• [Data for review]

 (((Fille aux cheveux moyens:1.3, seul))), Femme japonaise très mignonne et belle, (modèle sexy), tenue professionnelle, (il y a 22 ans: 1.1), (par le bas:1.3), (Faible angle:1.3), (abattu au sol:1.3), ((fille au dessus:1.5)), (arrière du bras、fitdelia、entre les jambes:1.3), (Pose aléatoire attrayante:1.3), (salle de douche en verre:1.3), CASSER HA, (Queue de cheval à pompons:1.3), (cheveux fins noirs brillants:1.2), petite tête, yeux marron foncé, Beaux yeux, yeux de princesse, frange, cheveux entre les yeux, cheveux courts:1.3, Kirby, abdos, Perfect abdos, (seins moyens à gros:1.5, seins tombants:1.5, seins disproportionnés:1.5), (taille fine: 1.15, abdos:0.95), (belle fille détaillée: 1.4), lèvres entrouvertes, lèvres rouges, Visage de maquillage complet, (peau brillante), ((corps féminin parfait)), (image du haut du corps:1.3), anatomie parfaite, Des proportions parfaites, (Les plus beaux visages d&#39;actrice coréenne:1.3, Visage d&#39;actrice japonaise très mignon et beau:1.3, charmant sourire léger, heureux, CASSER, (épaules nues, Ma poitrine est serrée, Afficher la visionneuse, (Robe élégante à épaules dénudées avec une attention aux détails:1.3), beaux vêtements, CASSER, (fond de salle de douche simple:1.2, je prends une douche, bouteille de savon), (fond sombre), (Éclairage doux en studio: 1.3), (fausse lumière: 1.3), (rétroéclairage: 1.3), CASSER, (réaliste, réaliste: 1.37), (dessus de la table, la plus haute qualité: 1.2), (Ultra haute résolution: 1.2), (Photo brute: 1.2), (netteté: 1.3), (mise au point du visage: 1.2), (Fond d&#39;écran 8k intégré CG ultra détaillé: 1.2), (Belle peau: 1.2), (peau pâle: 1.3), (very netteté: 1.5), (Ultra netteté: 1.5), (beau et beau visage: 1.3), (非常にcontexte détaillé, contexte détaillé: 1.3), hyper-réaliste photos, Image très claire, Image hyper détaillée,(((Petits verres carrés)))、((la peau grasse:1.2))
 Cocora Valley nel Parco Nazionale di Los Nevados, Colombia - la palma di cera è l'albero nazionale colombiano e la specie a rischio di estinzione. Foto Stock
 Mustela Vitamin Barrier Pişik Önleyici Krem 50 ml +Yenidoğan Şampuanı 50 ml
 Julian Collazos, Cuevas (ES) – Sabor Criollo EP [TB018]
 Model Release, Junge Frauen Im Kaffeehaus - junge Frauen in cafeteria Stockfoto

• [Problem details] The data must be duplicated exactly, with nothing left out.

• [Response for this exercise]
 (((Fille aux cheveux moyens:1.3, seul))), Femme japonaise très mignonne et belle, (modèle sexy), tenue professionnelle, (il y a 22 ans: 1.1), (par le bas:1.3), (Faible angle:1.3), (abattu au sol:1.3), ((fille au dessus:1.5)), (arrière du bras、fitdelia、entre les jambes:1.3), (Pose aléatoire attrayante:1.3), (salle de douche en verre:1.3), CASSER HA, (Queue de cheval à pompons:1.3), (cheveux fins noirs brillants:1.2), petite tête, yeux marron foncé, Beaux yeux, yeux de princesse, frange, cheveux entre les yeux, cheveux courts:1.3, Kirby, abdos, Perfect abdos, (seins moyens à gros:1.5, seins tombants:1.5, seins disproportionnés:1.5), (taille fine: 1.15, abdos:0.95), (belle fille détaillée: 1.4), lèvres entrouvertes, lèvres rouges, Visage de maquillage complet, (peau brillante), ((corps féminin parfait)), (image du haut du corps:1.3), anatomie parfaite, Des proportions parfaites, (Les plus beaux visages d&#39;actrice coréenne:1.3, Visage d&#39;actrice japonaise très mignon et beau:1.3, charmant sourire léger, heureux, CASSER, (épaules nues, Ma poitrine est serrée, Afficher la visionneuse, (Robe élégante à épaules dénudées avec une attention aux détails:1.3), beaux vêtements, CASSER, (fond de salle de douche simple:1.2, je prends une douche, bouteille de savon), (fond sombre), (Éclairage doux en studio: 1.3), (fausse lumière: 1.3), (rétroéclairage: 1.3), CASSER, (réaliste, réaliste: 1.37), (dessus de la table, la plus haute qualité: 1.2), (Ultra haute résolution: 1.2), (Photo brute: 1.2), (netteté: 1.3), (mise au point du visage: 1.2), (Fond d&#39;écran 8k intégré CG ultra détaillé: 1.2), (Belle peau: 1.2), (peau pâle: 1.3), (very netteté: 1.5), (Ultra netteté: 1.5), (beau et beau visage: 1.3), (非常にcontexte détaillé, contexte détaillé: 1.3), hyper-réaliste photos, Image très claire, Image hyper détaillée,(((Petits verres carrés)))、((la peau grasse:1.2))
 Cocora Valley nel Parco Nazionale di Los Nevados, Colombia - la palma di cera è l'albero nazionale colombiano e la specie a rischio di estinzione. Foto Stock
 Mustela Vitamin Barrier Pişik Önleyici Krem 50 ml +Yenidoğan Şampuanı 50 ml
 Julian Collazos, Cuevas (ES) – Sabor Criollo EP [TB018]
 Model Release, Junge Frauen Im Kaffeehaus - junge Frauen in cafeteria Stockfoto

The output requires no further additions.